BEGIN RECORDED INFORMATION
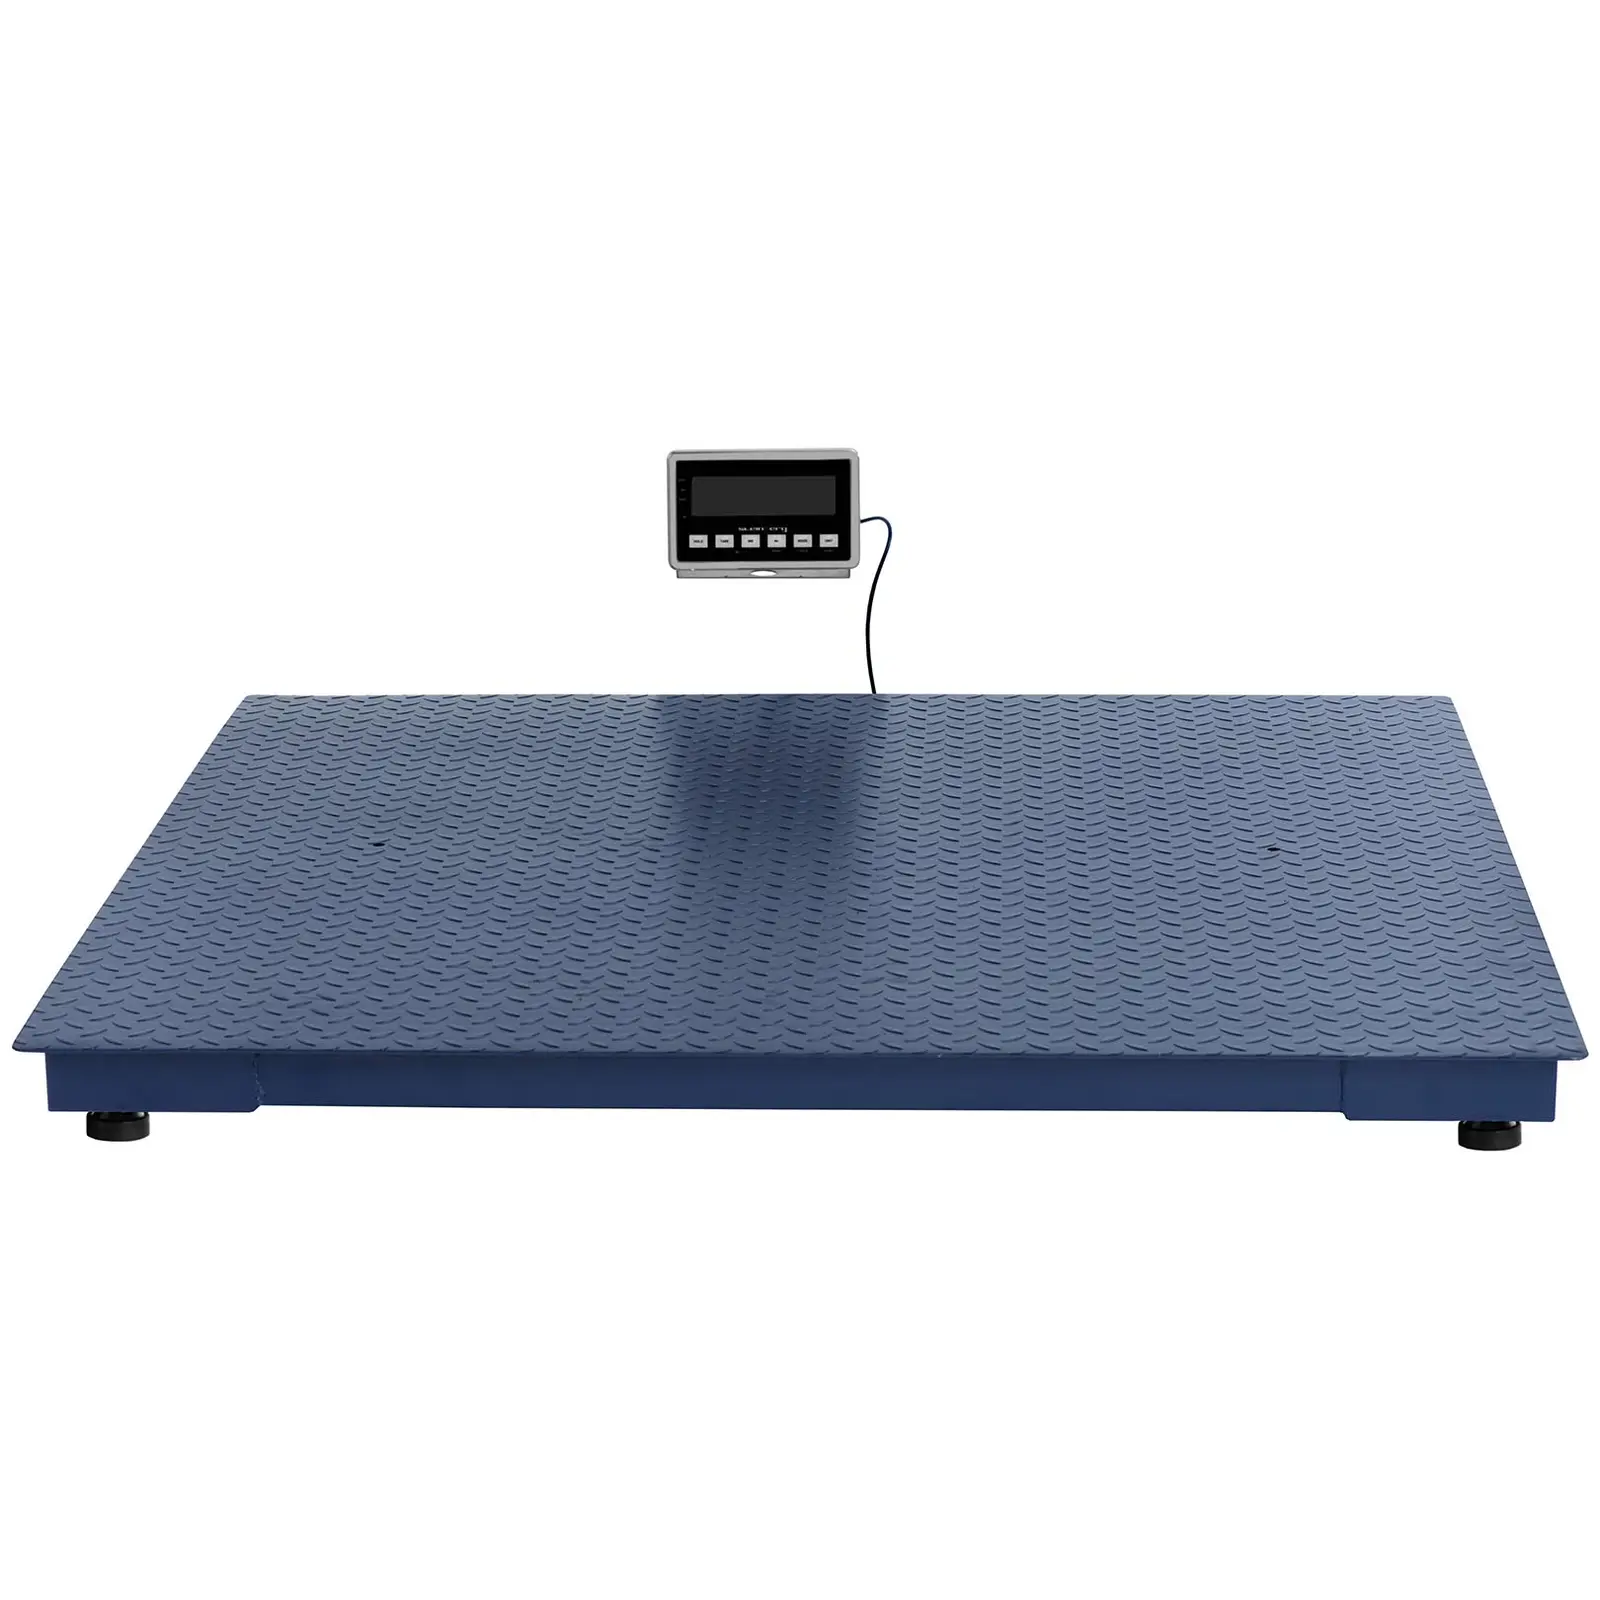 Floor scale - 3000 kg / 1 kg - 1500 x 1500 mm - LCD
END RECORDED INFORMATION
BEGIN RECORDED INFORMATION
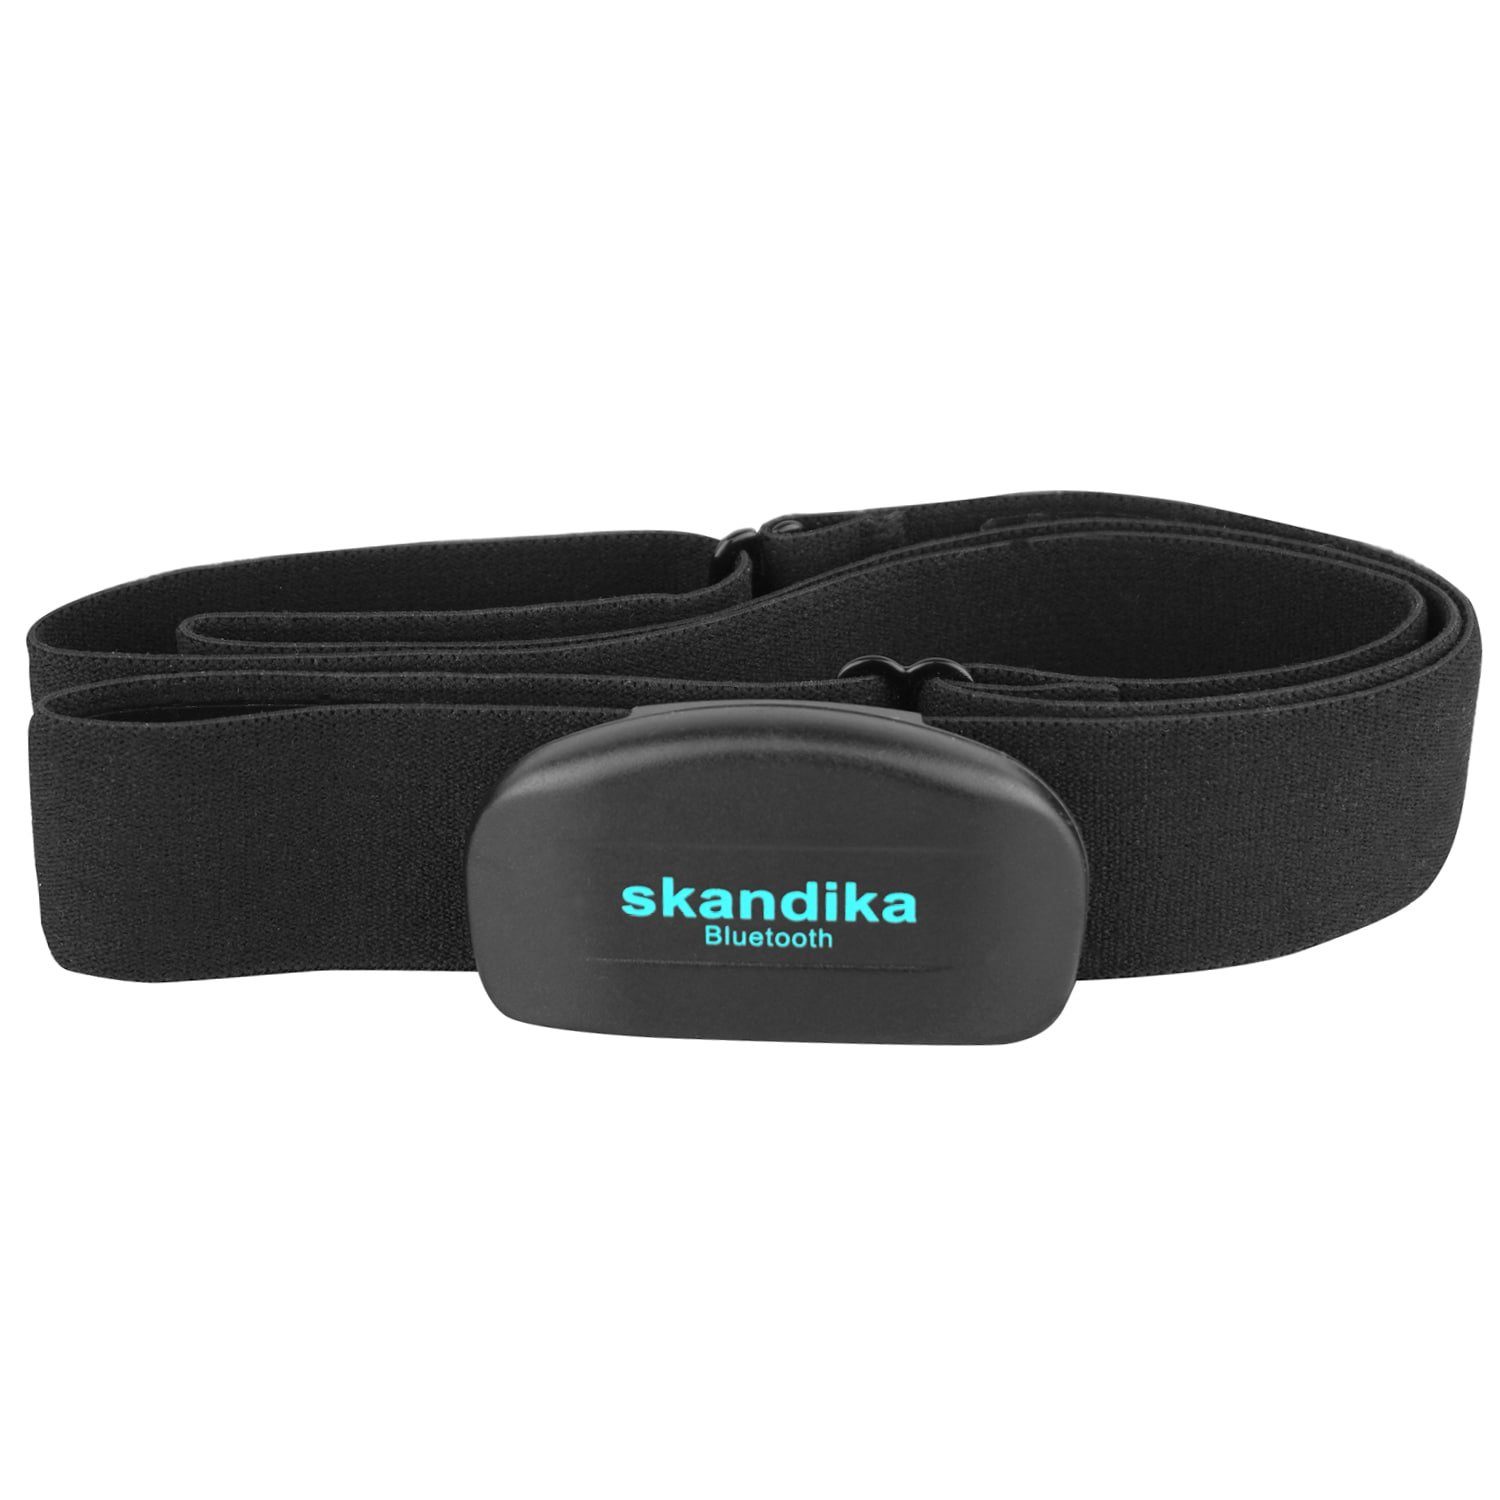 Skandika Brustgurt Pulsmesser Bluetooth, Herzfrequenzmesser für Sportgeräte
END RECORDED INFORMATION
BEGIN RECORDED INFORMATION
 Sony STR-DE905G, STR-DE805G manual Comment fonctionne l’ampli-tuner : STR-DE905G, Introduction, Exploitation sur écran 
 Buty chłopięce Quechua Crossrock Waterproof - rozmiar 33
END RECORDED INFORMATION
Taking the entries above, print exactly the lines starting at the line with "Sony STR-DE905G, STR-DE805G" and ending at the line with "Buty chłopięce Quechua", both included.

» **RESULT**
 Sony STR-DE905G, STR-DE805G manual Comment fonctionne l’ampli-tuner : STR-DE905G, Introduction, Exploitation sur écran 
 Buty chłopięce Quechua Crossrock Waterproof - rozmiar 33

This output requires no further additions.